The basic strategy is that the comparing to base classes calls the virtual equal function on one of them, with the other as parameter. The virtual function mechanism now ensures that we can use a this pointer with the correct derived type in the derived equal function, the other parameter still has a type of base reference, though. To promote this to derived type we call a virtual helper function (iseq) on the base reference which is overloaded for all the different derived types. This ensures that we can now promote the other parameter to a derived pointer through a virtual function without losing information about the type of the first reference. When the two derived types differ, the base implementation (return false) is the correct behaviour. Only the iseq overload for the matching derived class needs to be overridden in each derived class. It can then call the appropriate equality operator for two derived instances.

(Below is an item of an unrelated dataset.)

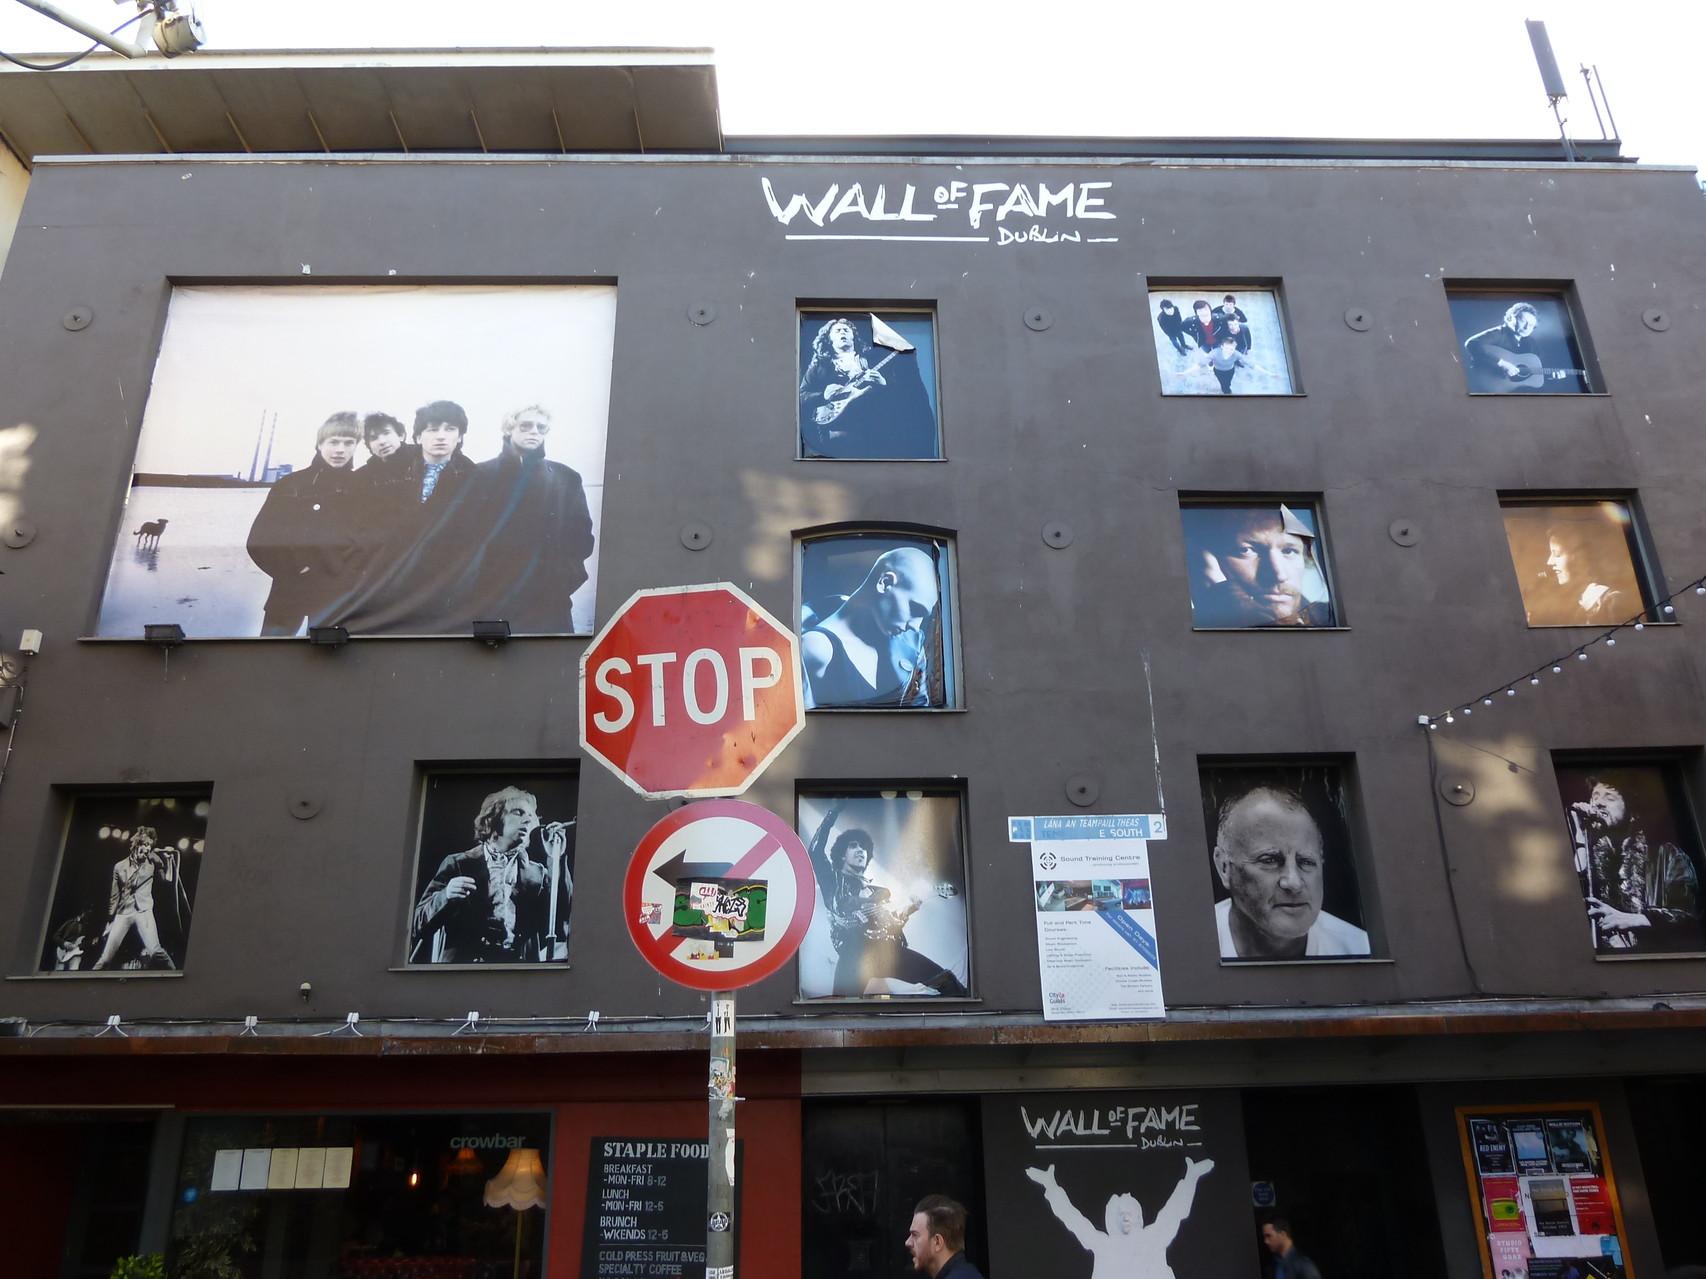 Irlands Berühmtheiten (u.a. U2, Dubliners, Sinhead O'Connor)

The big ugliness is the requirement for a virtual function in the base class for each derived type which is a nasty reversed coupling between base and derived classes.

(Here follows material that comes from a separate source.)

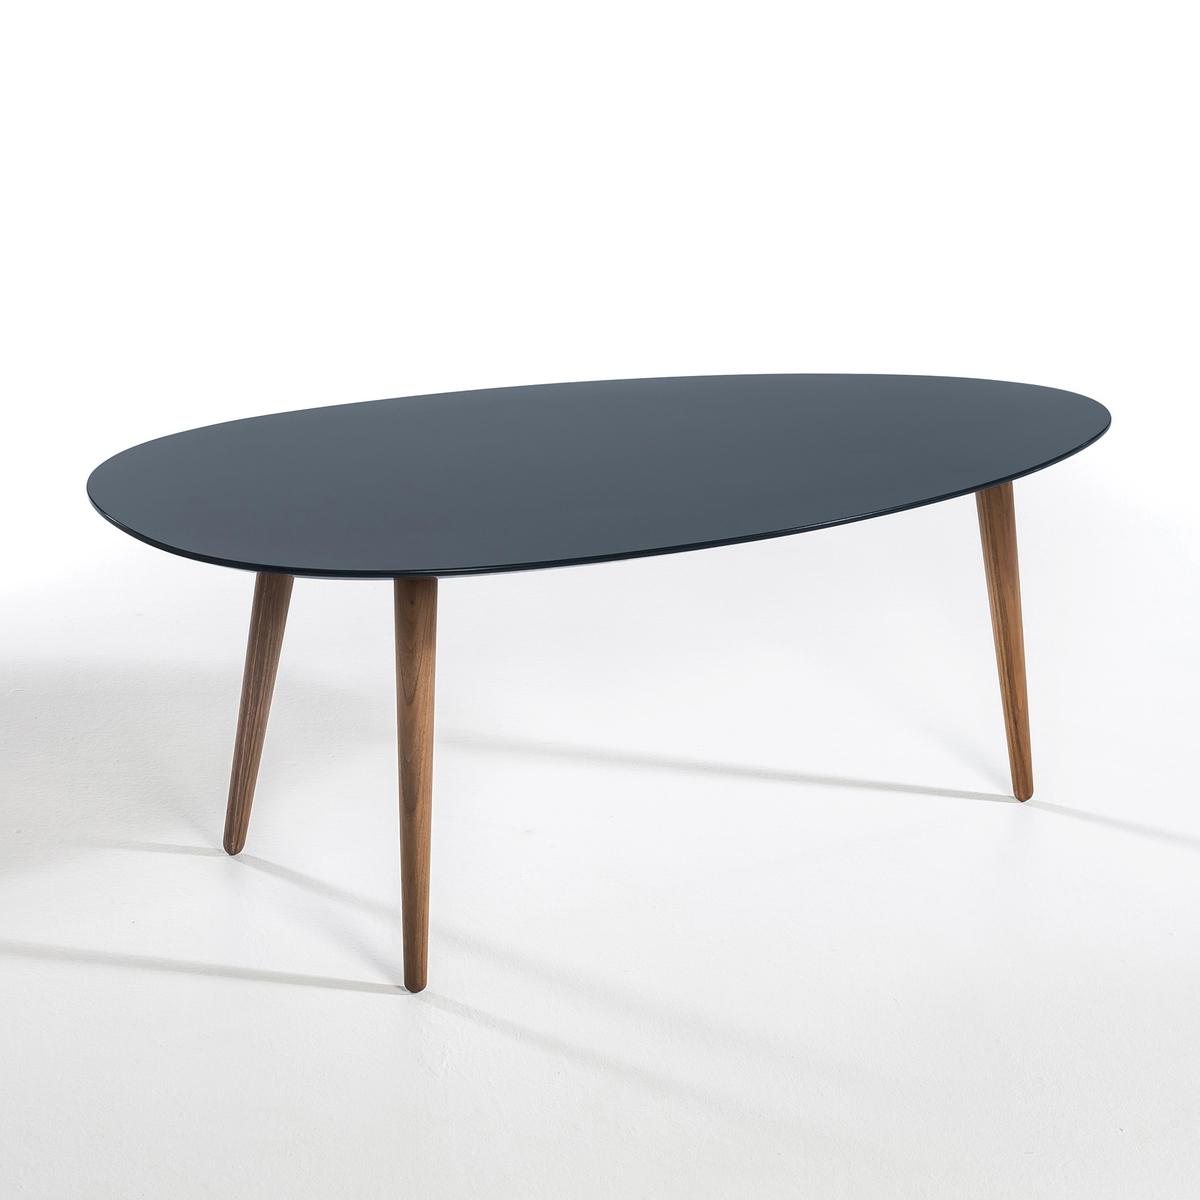 Журнальный столик из каучукового дерева с лакированным покрытием  Дл100 см, Flashback от La Redoute

// Forward declarations of every single derived class
class Derived1;
class Derived2;
// ...

class Base
{
public:
    virtual ~Base() {}

    virtual bool equal( const Base& b ) const = 0;
    bool operator==( const Base& b ) const { return equal( b ); }

    // Default iseq helper virtual function for every single derived class
    virtual bool iseq( const Derived1& ) const { return false; }
    virtual bool iseq( const Derived2& ) const { return false; }
    // ...
};

class Derived1 : public Base
{
public:
    Derived1( int v ) : _val( v ) {}

    bool equal( const Base& b ) const
    {
        return b.iseq( *this );
    }

    bool operator==( const Derived1& other ) const { return _val == other._val; }

    virtual bool iseq( const Derived1& other ) const { return *this == other; }

private:
    int _val;
};

class Derived2: public Base
{
public:
    Derived2( int v ) : _val( v ) {}

    bool equal( const Base& b ) const
    {   
        return b.iseq( *this );
    }

    bool operator==( const Derived2& other ) const { return _val == other._val; }

    virtual bool iseq( const Derived2& other ) const { return *this == other; }

private:
    int _val;
};